Airflow CI/CD: Github to Cloud Composer (safely)
2020-07-09 , Seattle Meetup [Session starts: Thursday 09.07 9am (Thursday 09.07 9am PDT)]

Deploying bad DAGs to your airflow environment can wreak havoc. This talk provides an opinionated take on a mono repo structure for GCP data pipelines leveraging BigQuery, Dataflow and a series of CI tests for validating your Airflow DAGs before deploying them to Cloud Composer.
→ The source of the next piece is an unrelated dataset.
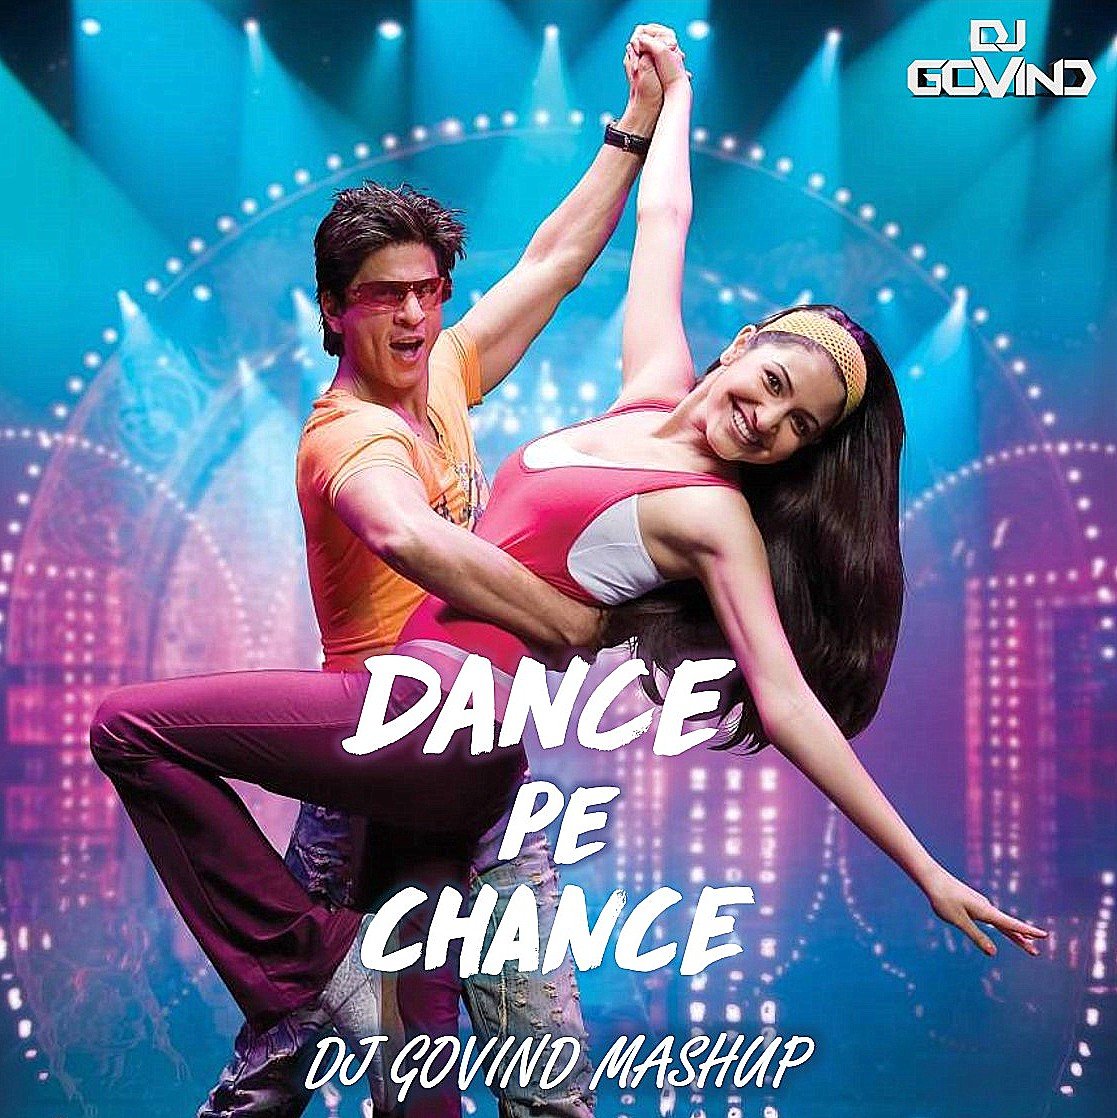 Dance Pe Chance (Festival Mashup) -  DJ Govind

Composer makes deploying airflow infrastructure easy and deploying DAGs “just dropping files in a GCS bucket”. However, this opens the opportunity for many organizations to shoot themselves in the foot by not following a strong CI/CD process. Pushing bad dags to Composer can manifest in a really sad airflow webserver and many wasted DAG parsing cycles in the scheduler, disrupting other teams using the same environment. This talk will outline a series of recommended continuous integration tests to validate PRs for updating or deploying new Airflow DAGs before pushing them to your GCP Environment with a small “DAGs deployer” application that will manage deploying DAGs following some best practices. This talk will walk through explaining automating these tests with Cloud Build, but could easily be ported to your favorite CI/CD tool.

See also: draft slides (1.8 MB)

Jake fell in love with open source process thanks to the inclusiveness and helpfulness of the Airflow Community. He's blessed to be a part of the Google Cloud Professional Services family which enables him in making GCP easier to use by building OSS tooling to help our customers.